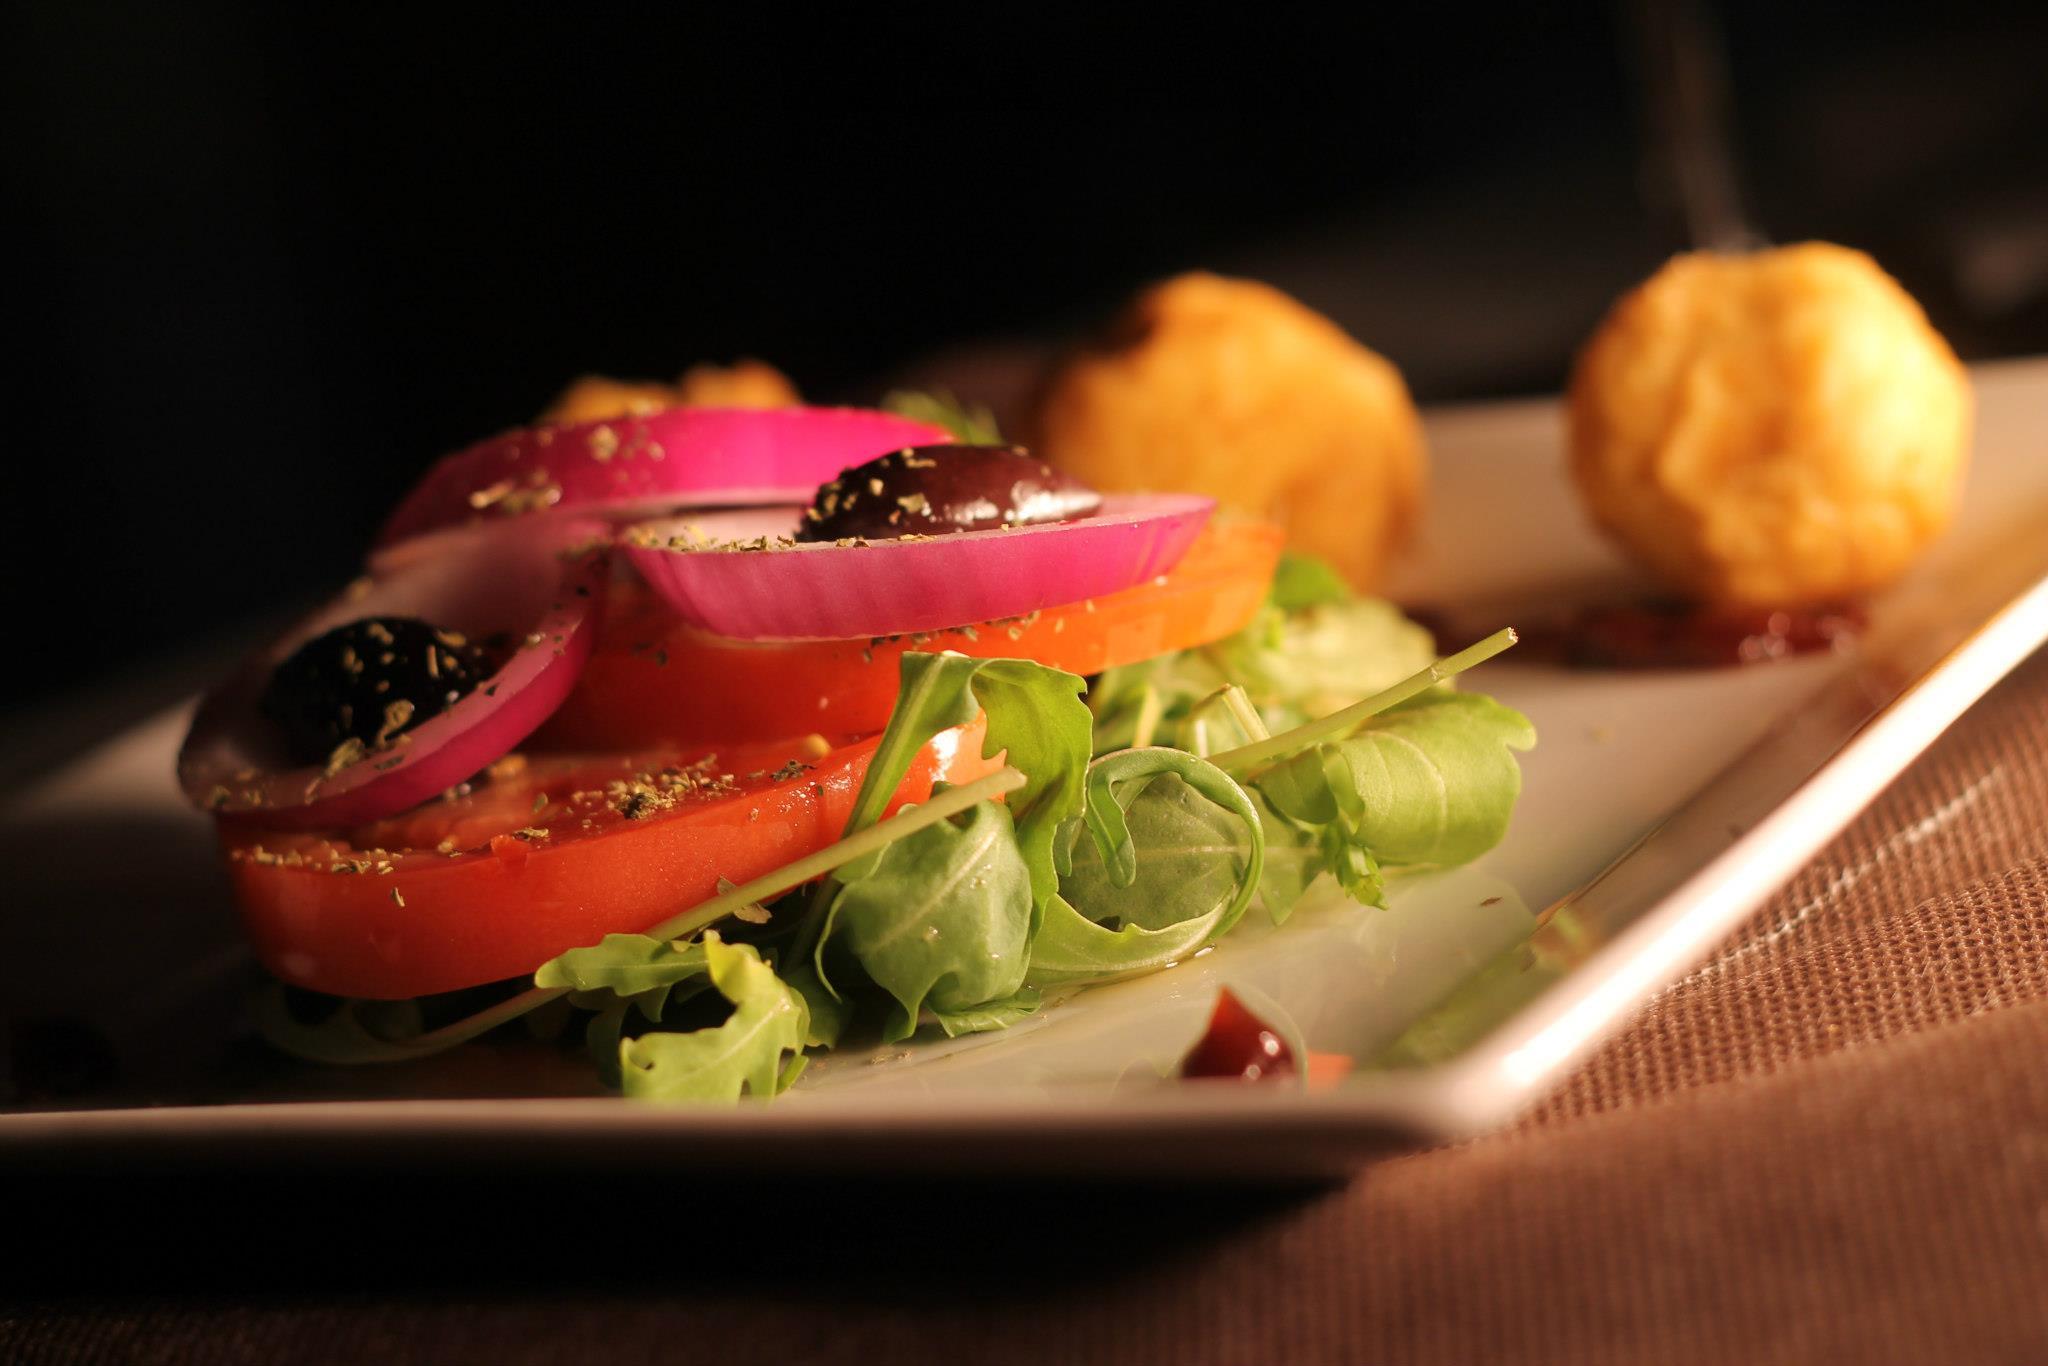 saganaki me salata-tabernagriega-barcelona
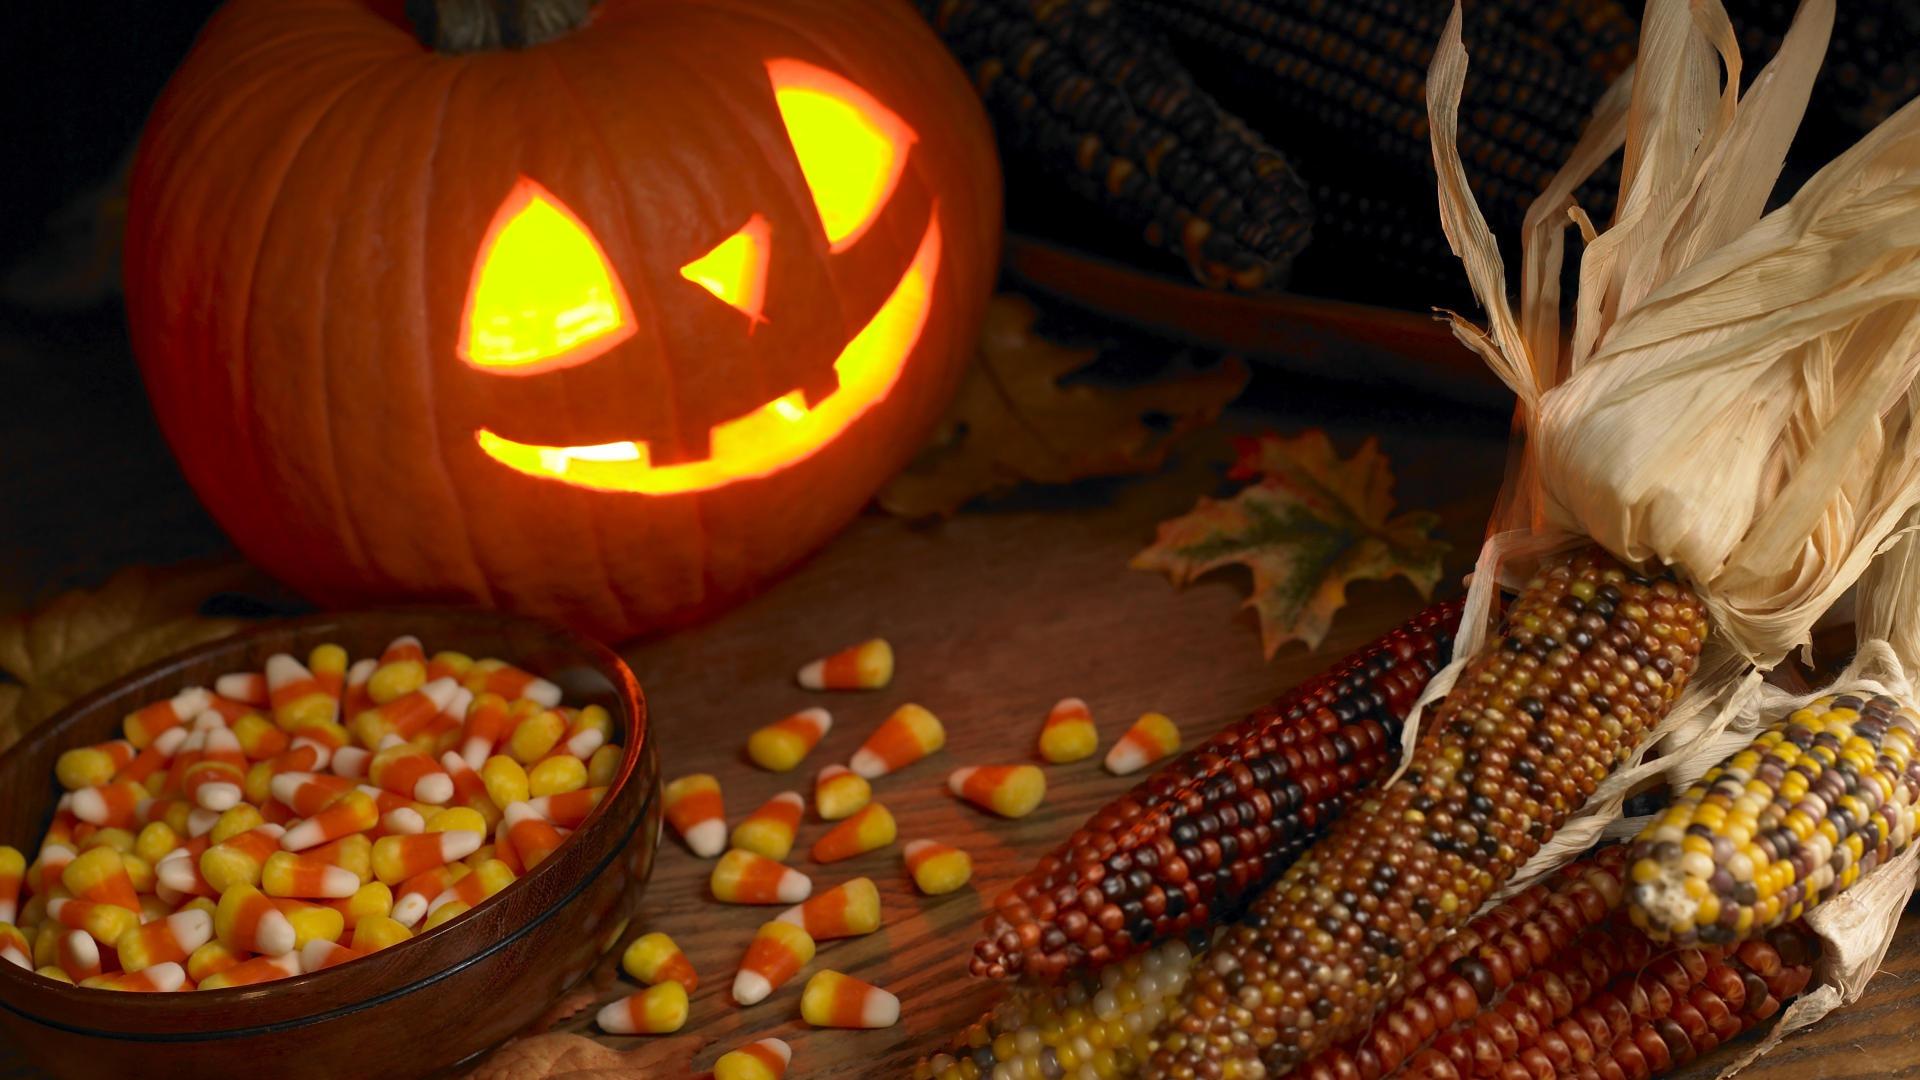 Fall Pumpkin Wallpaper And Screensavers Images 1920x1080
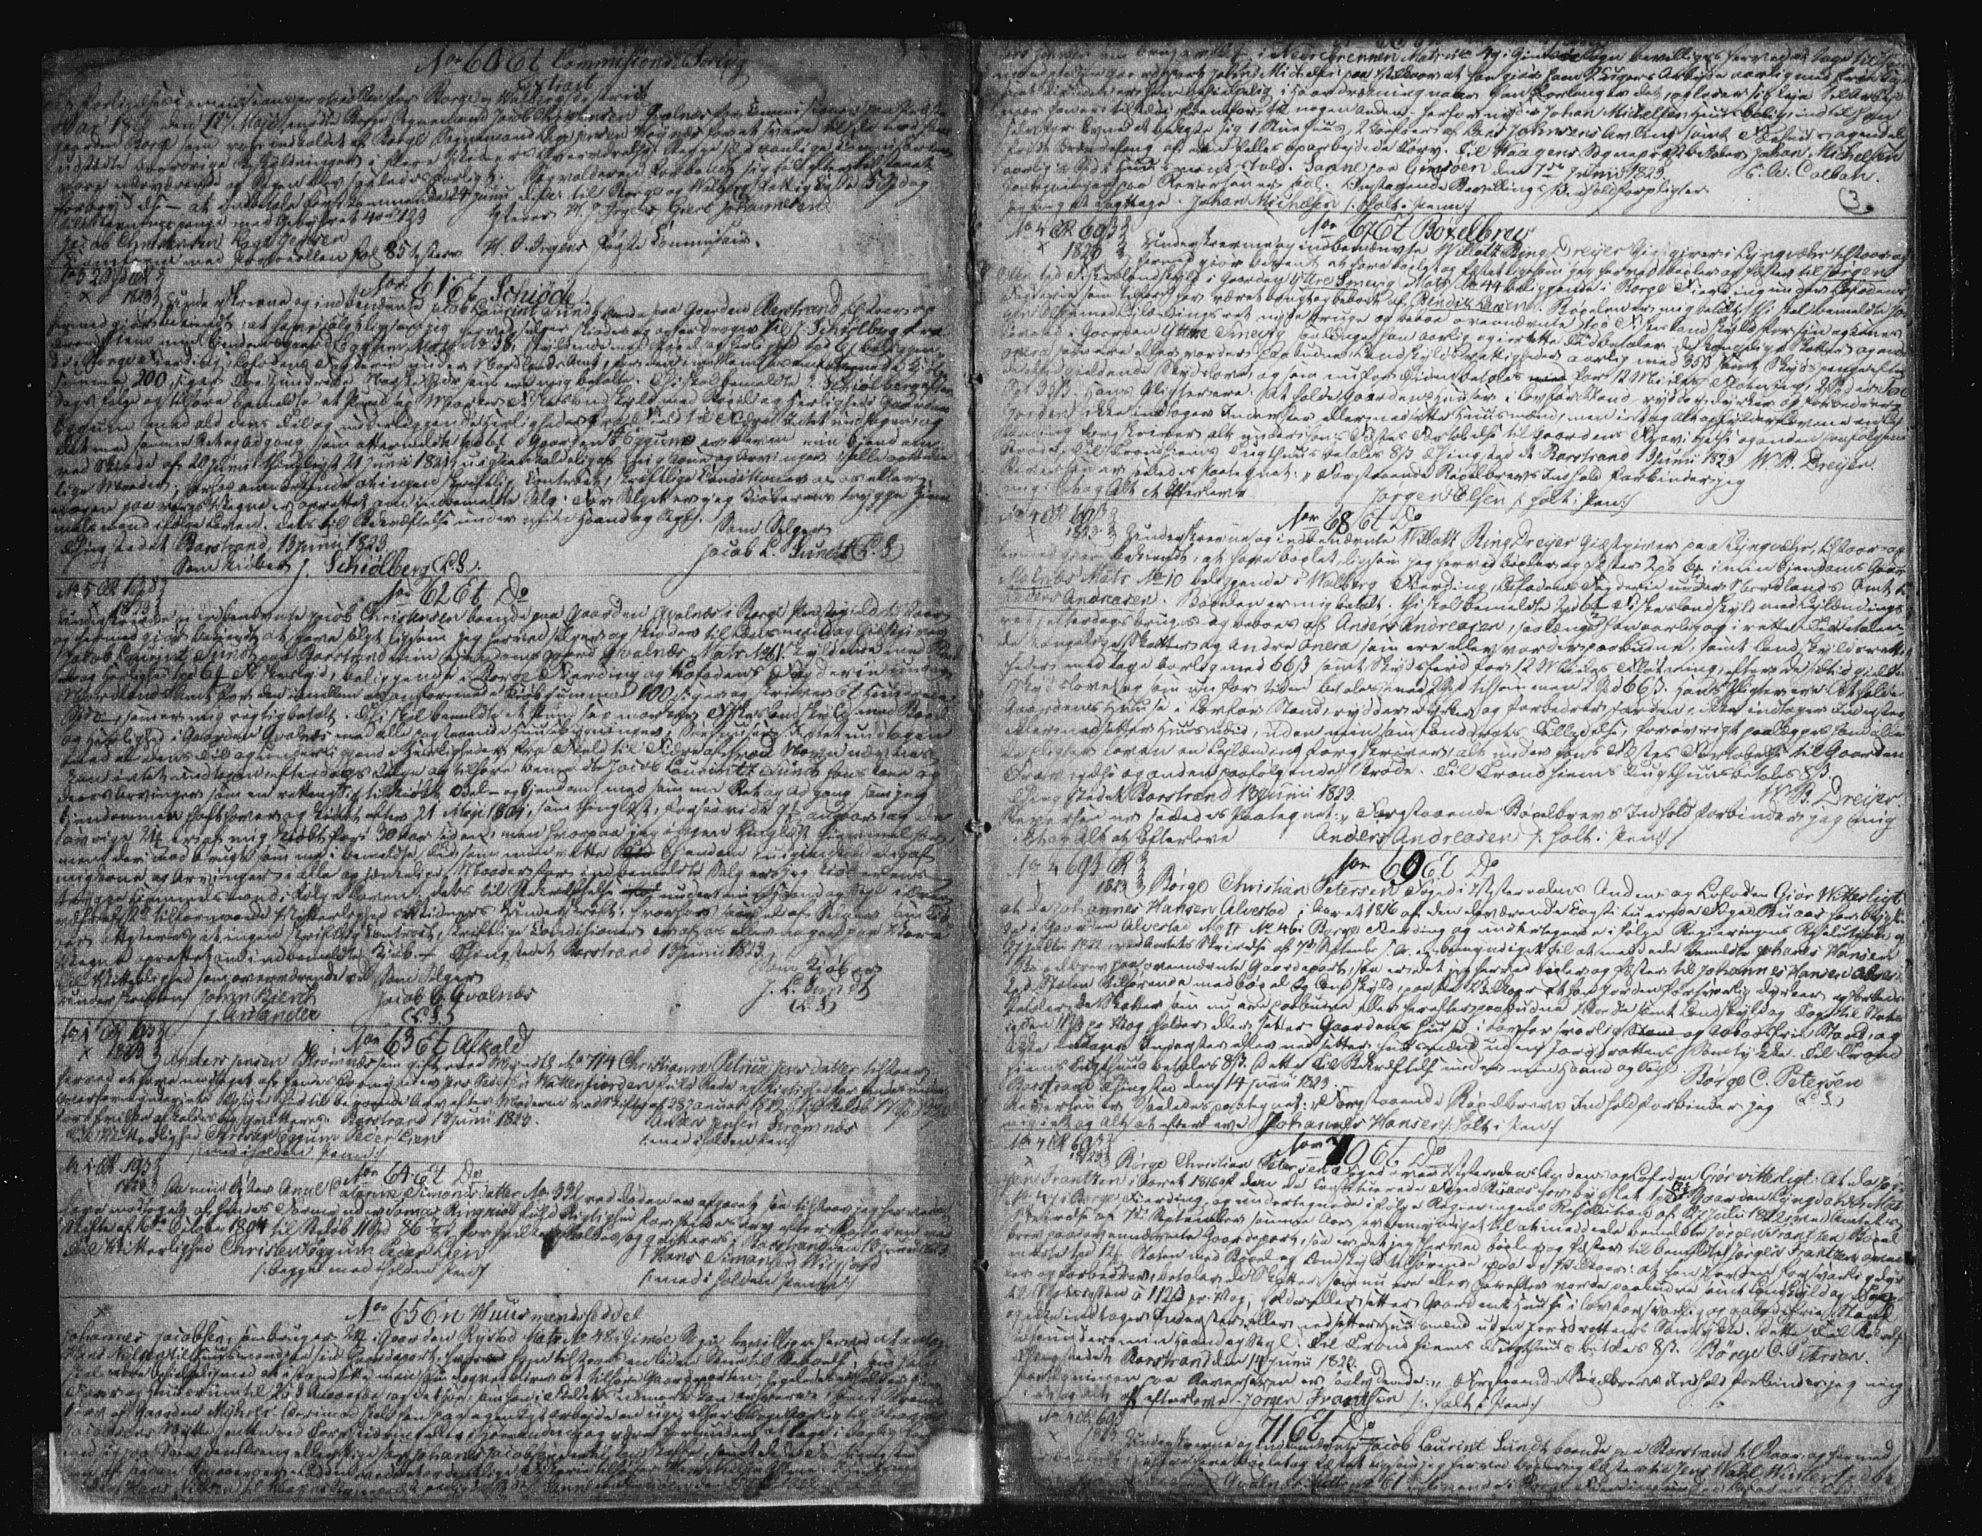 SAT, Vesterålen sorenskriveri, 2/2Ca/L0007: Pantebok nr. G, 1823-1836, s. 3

Directions for this task: Please reprint the whole listing exactly and omit its pictures.

Exercise output:
 saganaki me salata-tabernagriega-barcelona
 Fall Pumpkin Wallpaper And Screensavers Images 1920x1080
 SAT, Vesterålen sorenskriveri, 2/2Ca/L0007: Pantebok nr. G, 1823-1836, s. 3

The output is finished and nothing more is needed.